*** EXCERPTED DATA Section Begins ***
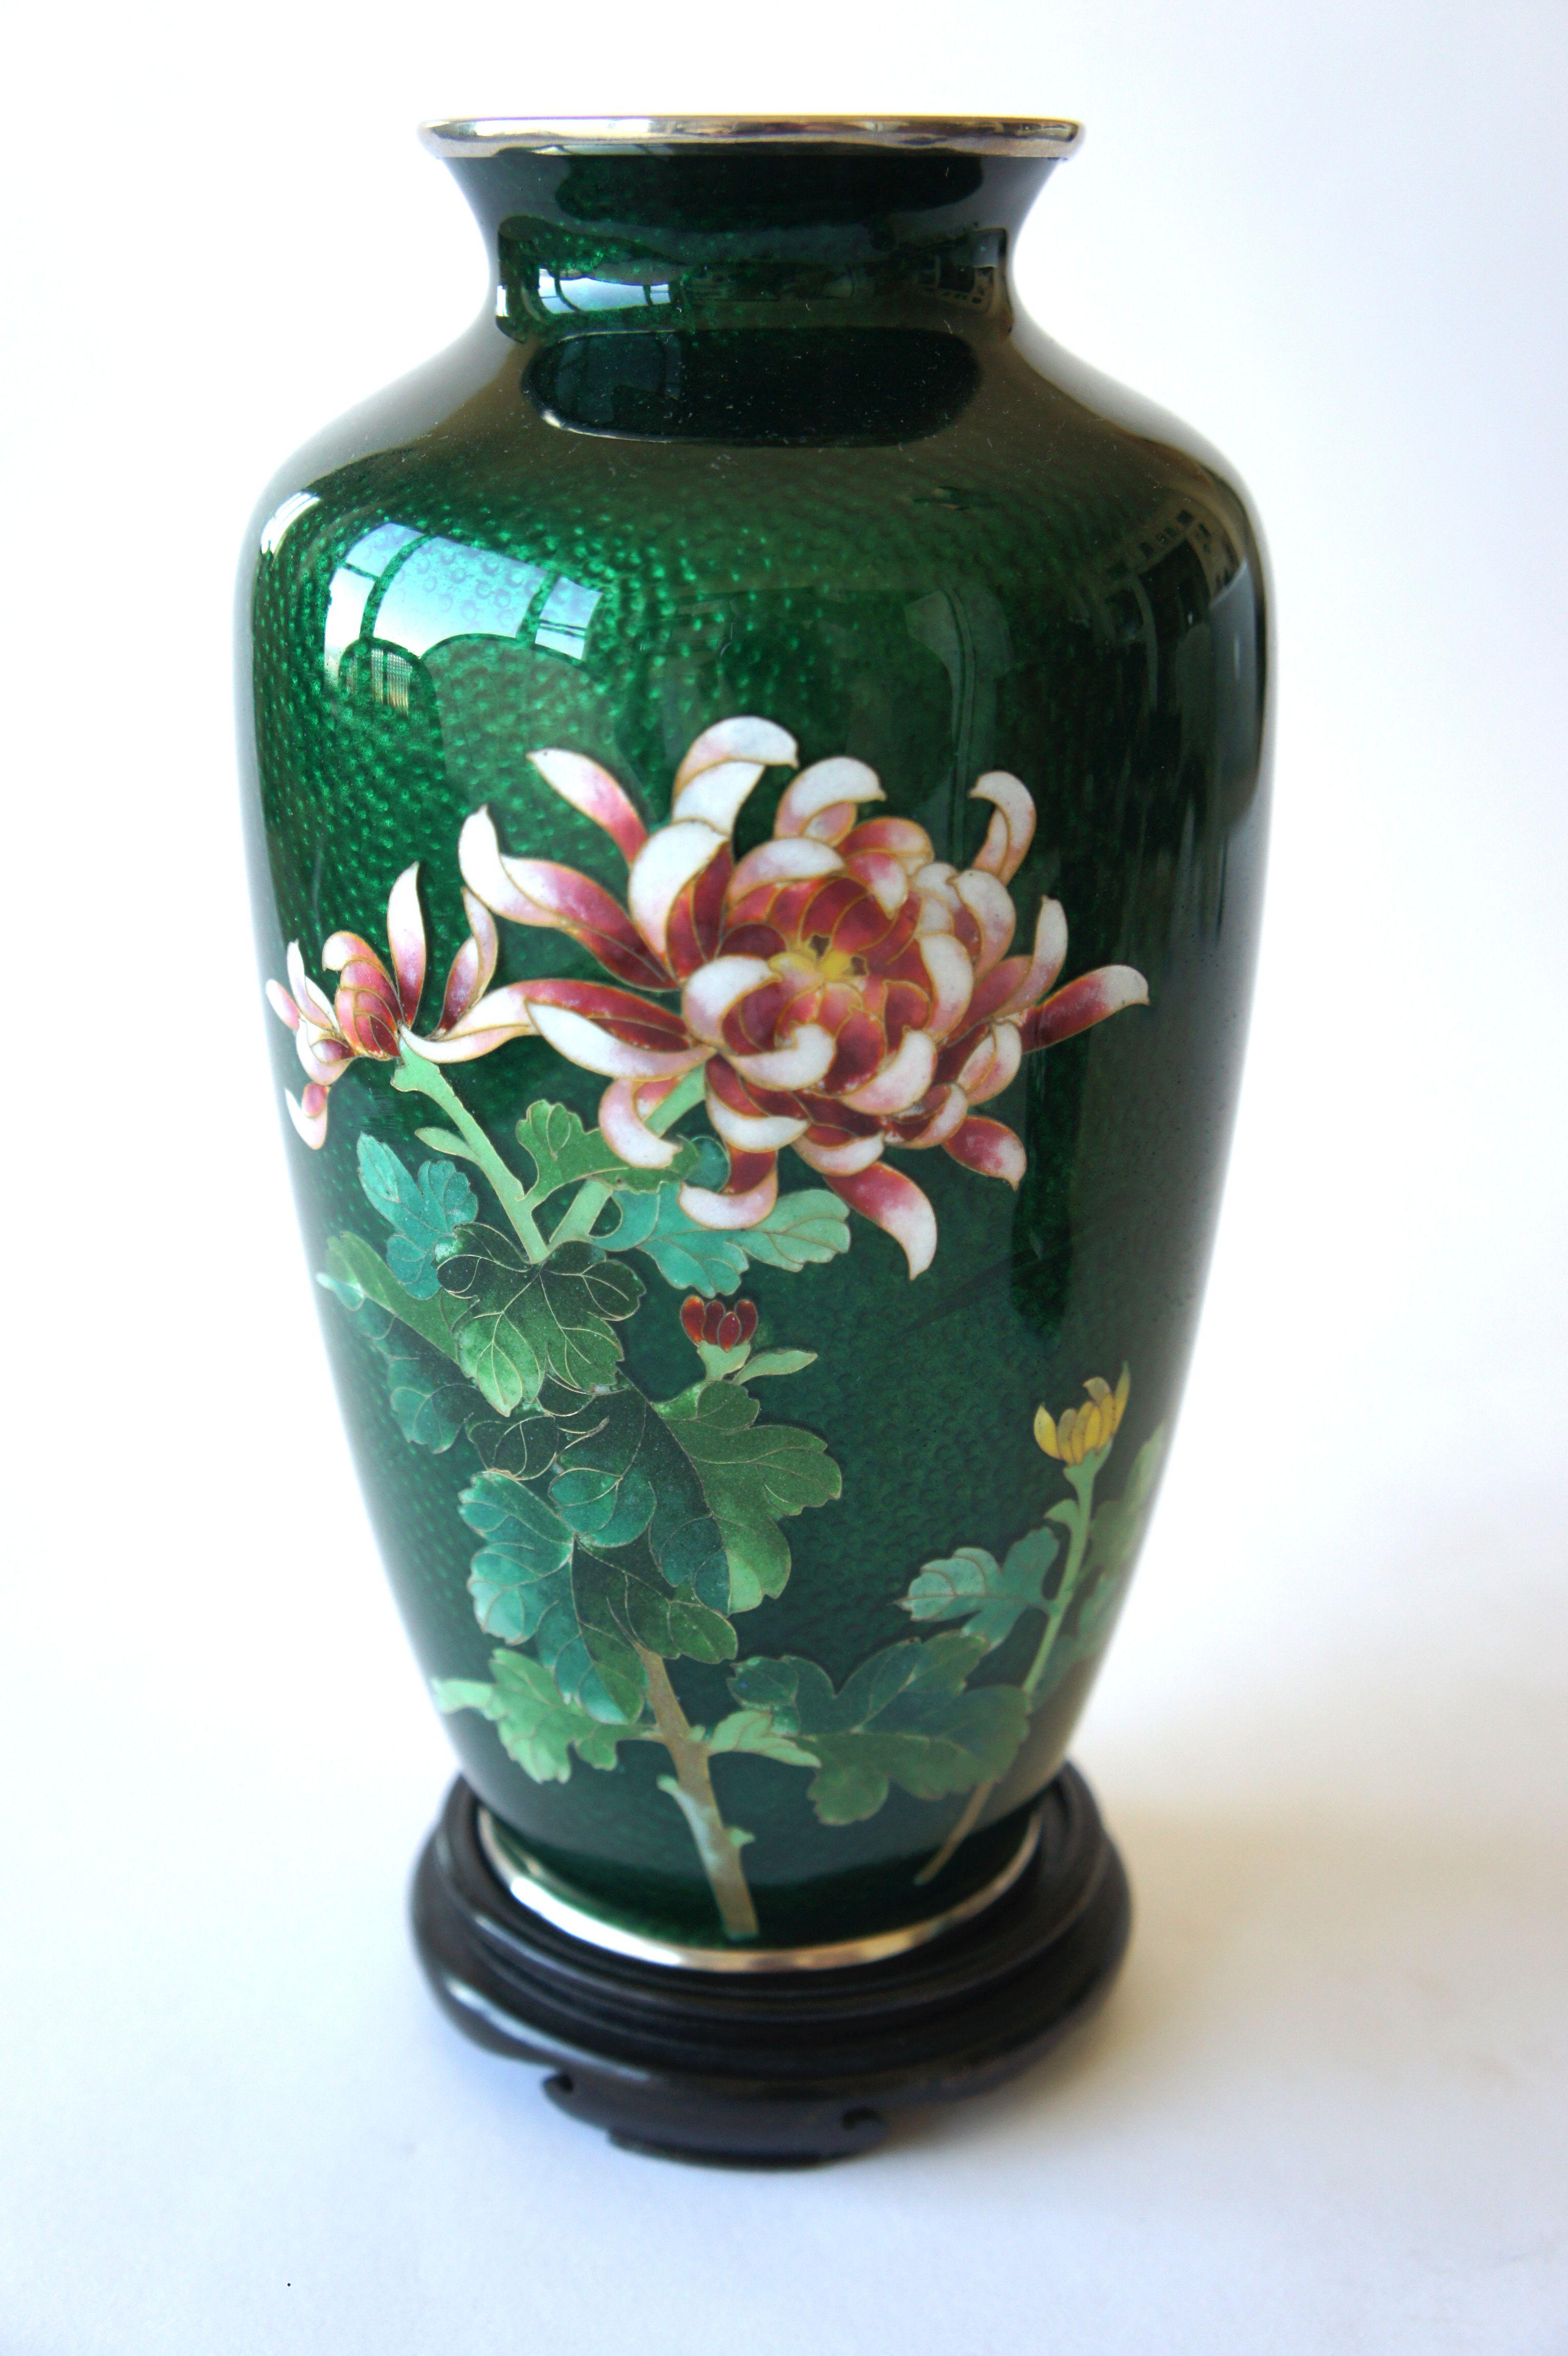 Flowers by post vase - Fine Ando Peony Botan Japanese Ikebana Green Cloisonne Flower Vase Japan Post 1940
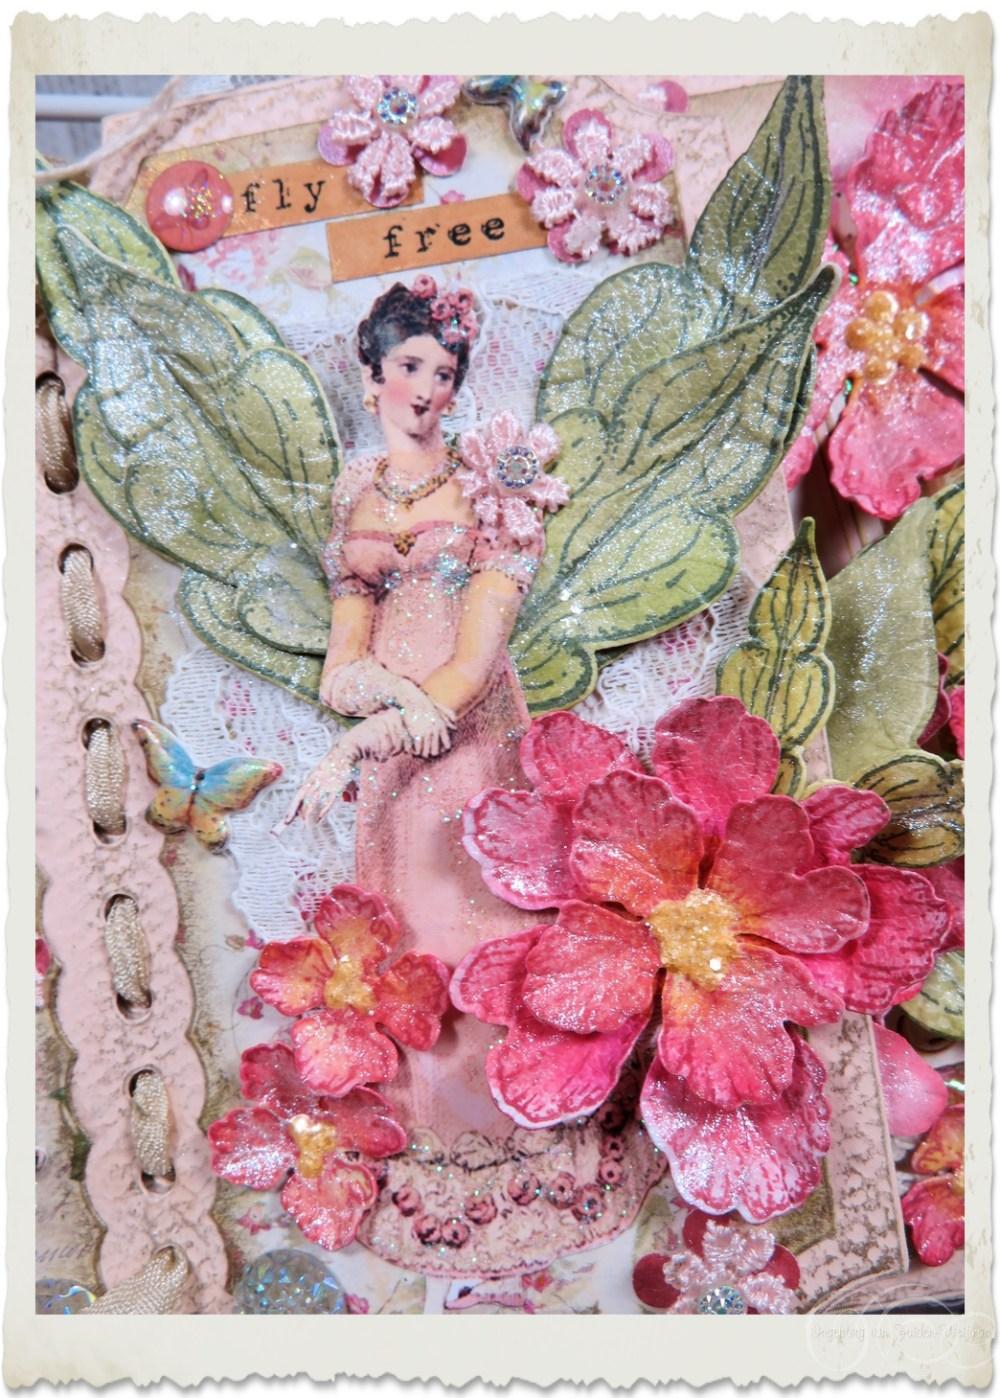 Regency fairy with peony flower by Ingeborg van Zuiden
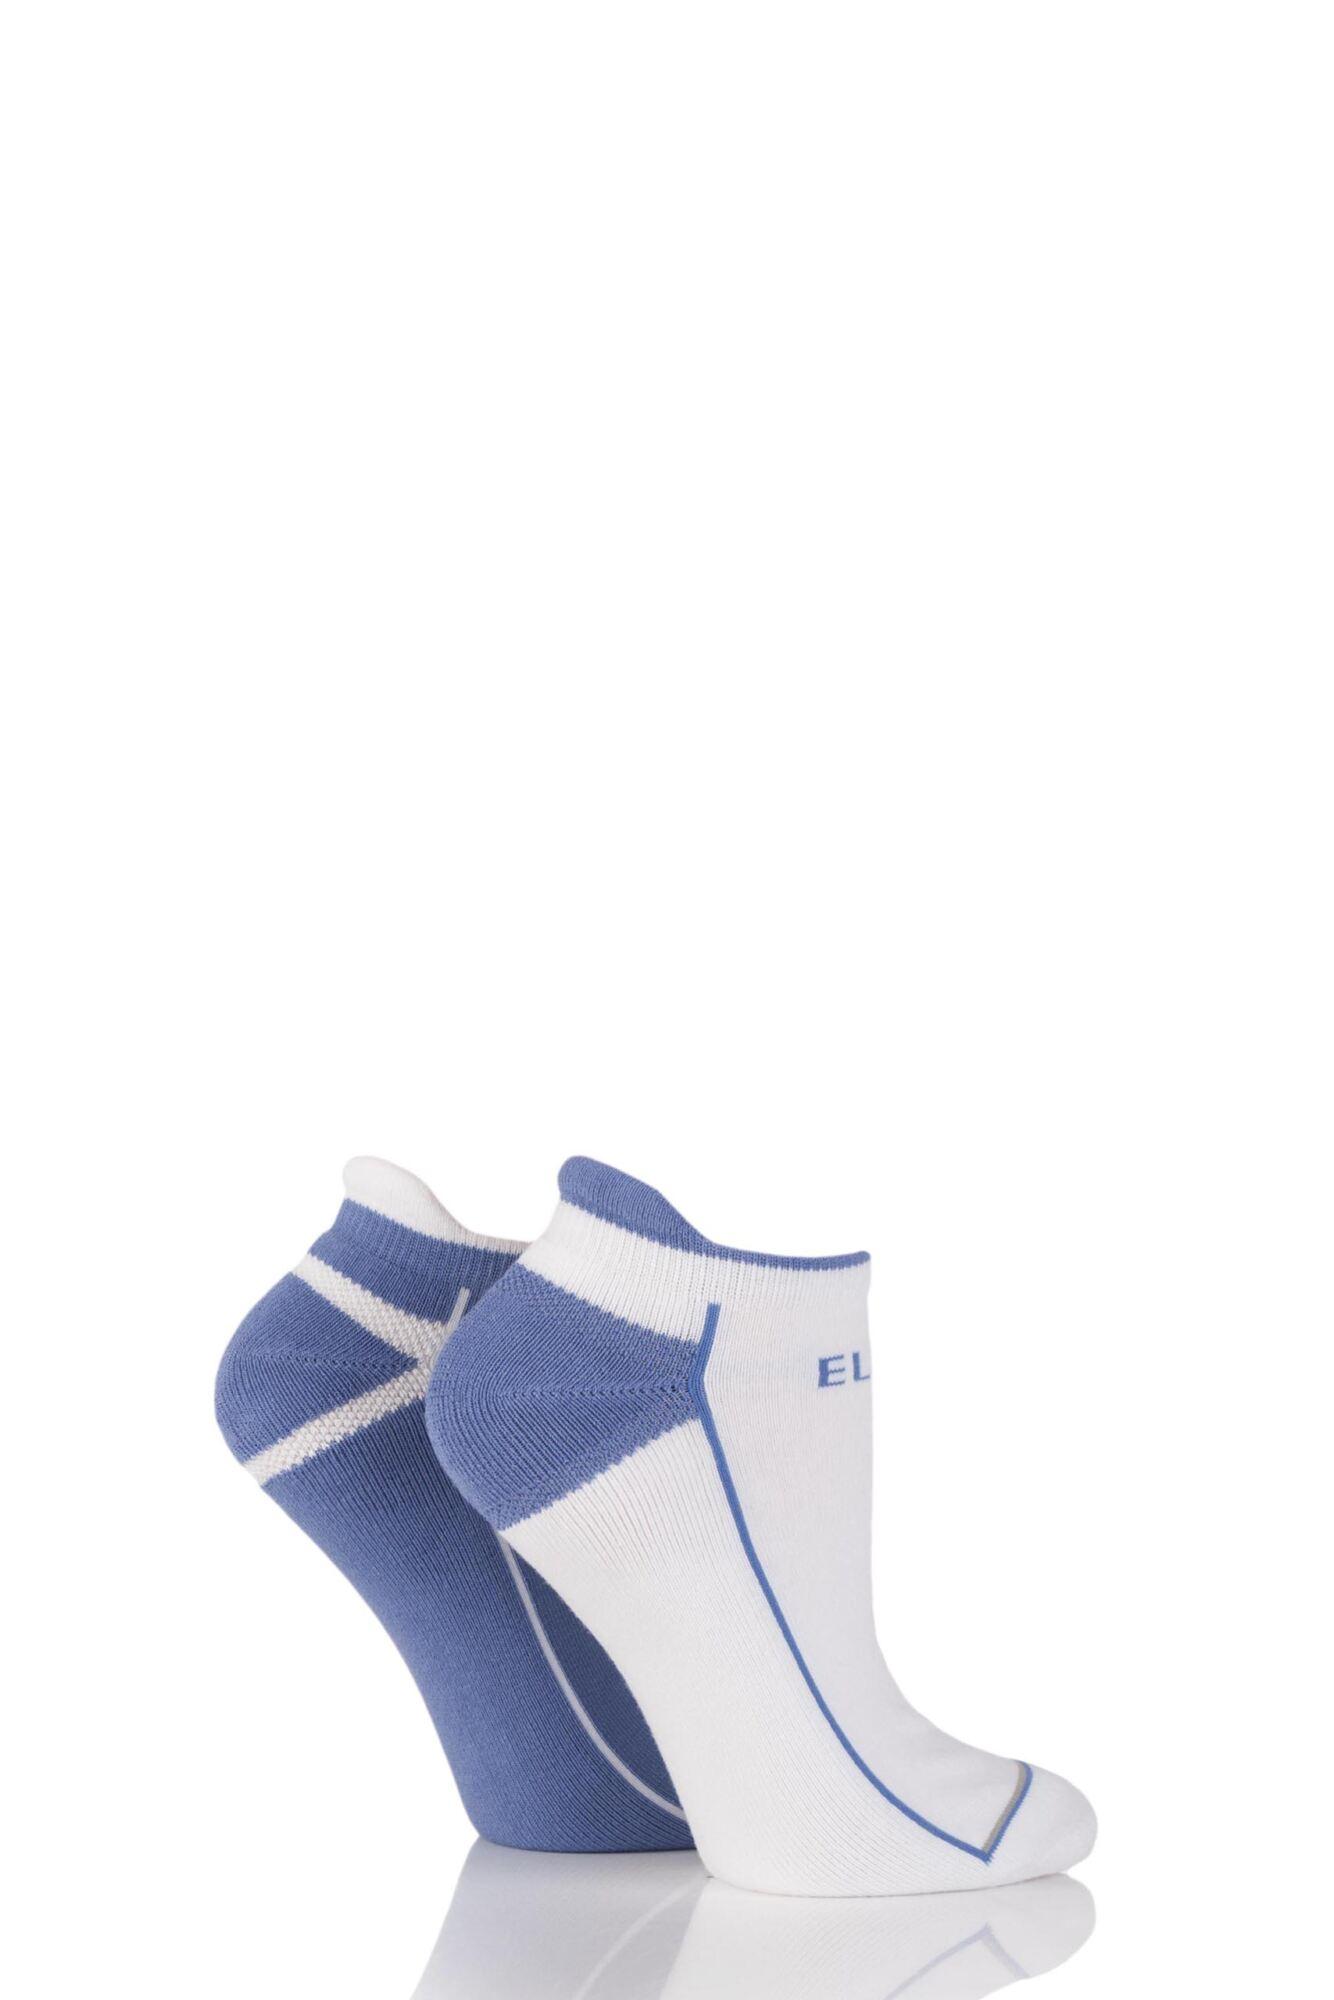 2 Pair Sports Trainer Socks Ladies - Elle
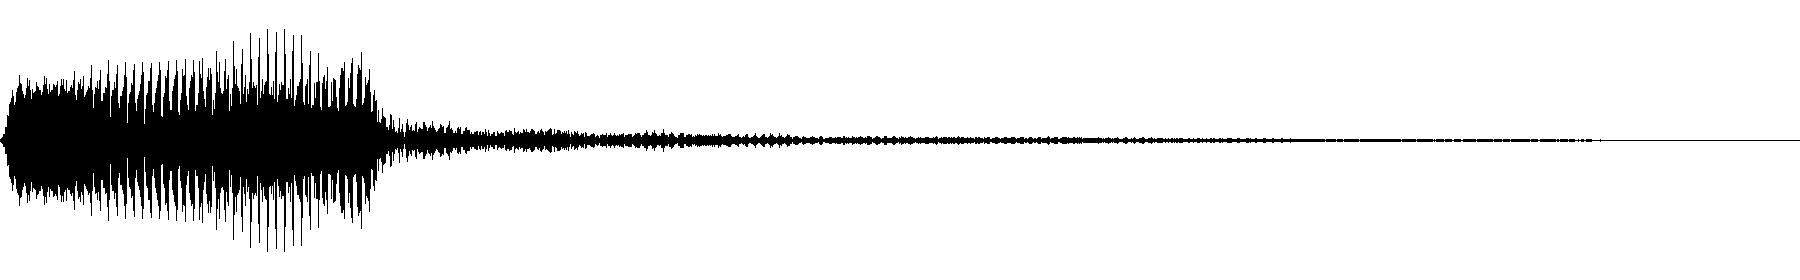 vedh bass cut 014 g
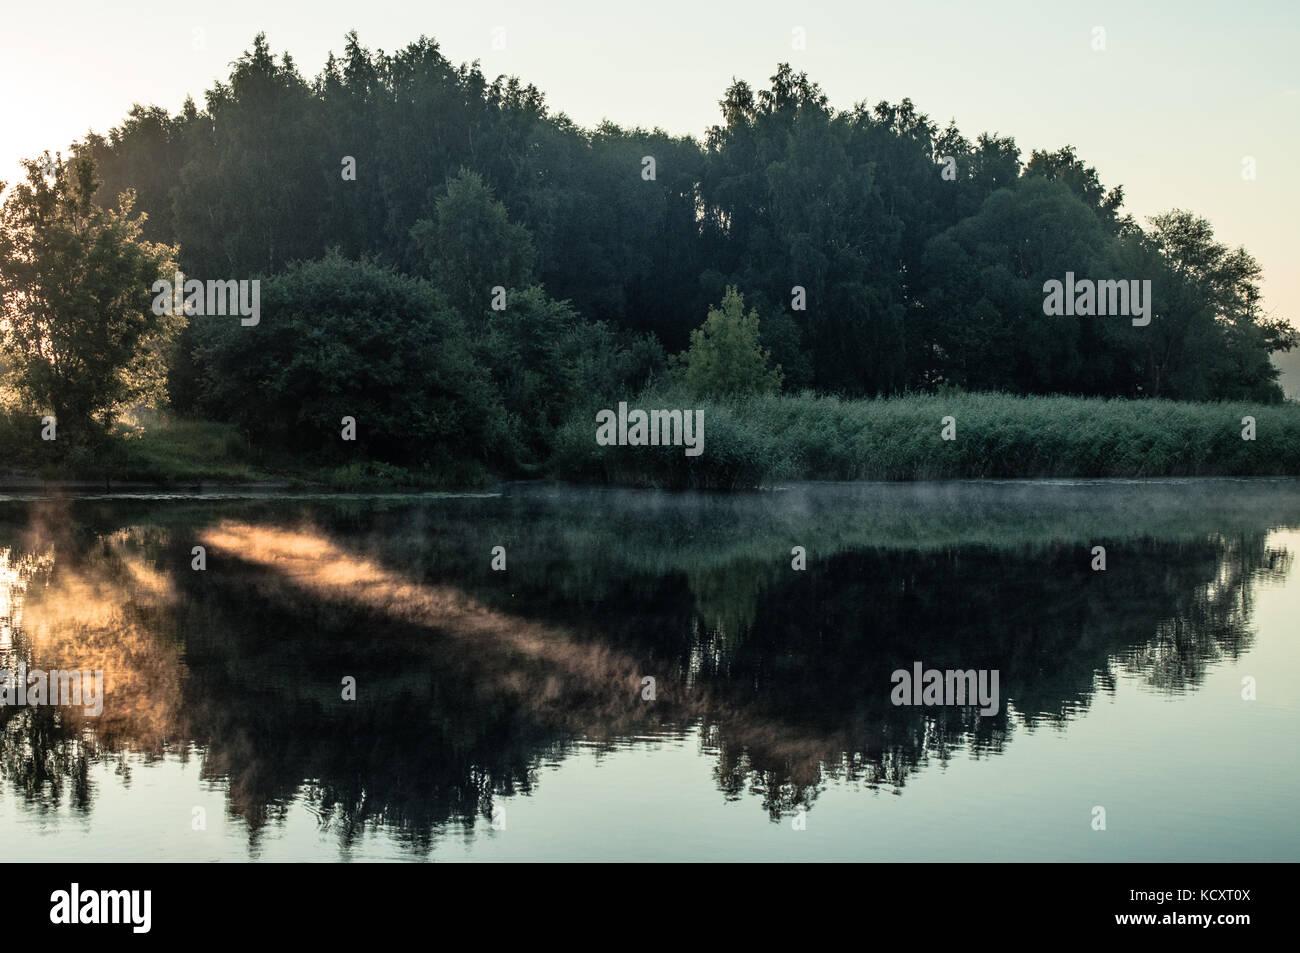 Beautiful sun rays reflection on lakes surface. - Stock Image
*** EXCERPTED DATA Section Ends ***
▶ _WHAT YOU SHOULD DO_
Leave the pictures behind and repeat each entry exactly.

▶ _SOLUTION FOR THIS TASK_
 Flowers by post vase - Fine Ando Peony Botan Japanese Ikebana Green Cloisonne Flower Vase Japan Post 1940
 Regency fairy with peony flower by Ingeborg van Zuiden
 2 Pair Sports Trainer Socks Ladies - Elle
 vedh bass cut 014 g
 Beautiful sun rays reflection on lakes surface. - Stock Image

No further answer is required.